Quando olho para países como a Suécia, a Noruega ou a Finlândia, vejo modelos que já compreenderam isto há muito. Lá, as licenças parentais são longas, remuneradas e muitas vezes partilhadas entre mãe e pai. O posto de trabalho é protegido, a progressão de carreira não sofre penalizações, e a parentalidade é reconhecida como actividade produtiva. Porque formar cidadãos saudáveis, seguros e emocionalmente estáveis é tão essencial como construir estradas ou desenvolver tecnologia.


Do ponto de vista humano — e, diria também, psicanalítico — dar tempo real para que a mãe possa ser apenas mãe, sem medo de perder salário, estatuto ou oportunidades, seria um acto de cuidado colectivo. Seria proteger o vínculo primário, aquele que dá à criança a base para se sentir segura no mundo. Seria evitar cortes abruptos que geram angústia e sintomas tanto na mãe como no filho. Seria aliviar o peso da culpa materna, permitindo que a decisão sobre amamentar, cuidar e estar presente fosse verdadeiramente livre, e não pressionada por exigências externas.

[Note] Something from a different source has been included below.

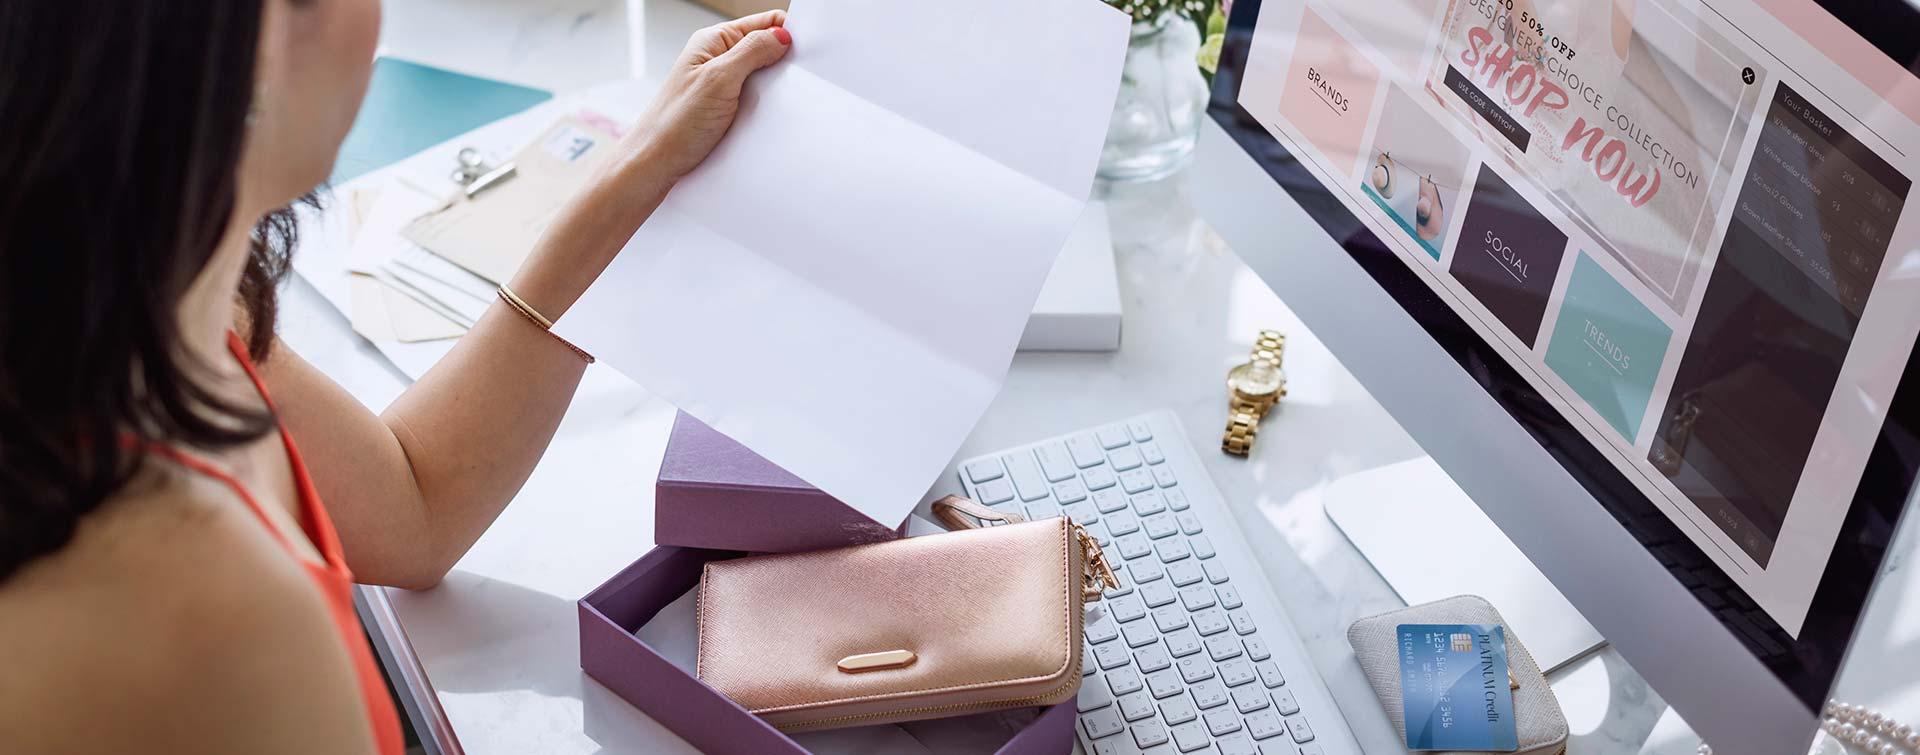 Jak zwrócić towar do sklepu internetowego za granicą?

E penso… se a energia que hoje se gasta a fiscalizar mães que amamentam “demais” fosse canalizada para criar políticas de protecção à parentalidade, estaríamos muito mais próximos daquilo que chamamos saúde pública. Estaríamos alinhados com a própria Constituição, que garante a protecção da infância e da família.


A maternidade não é ausência de trabalho. É o trabalho invisível que sustenta o futuro.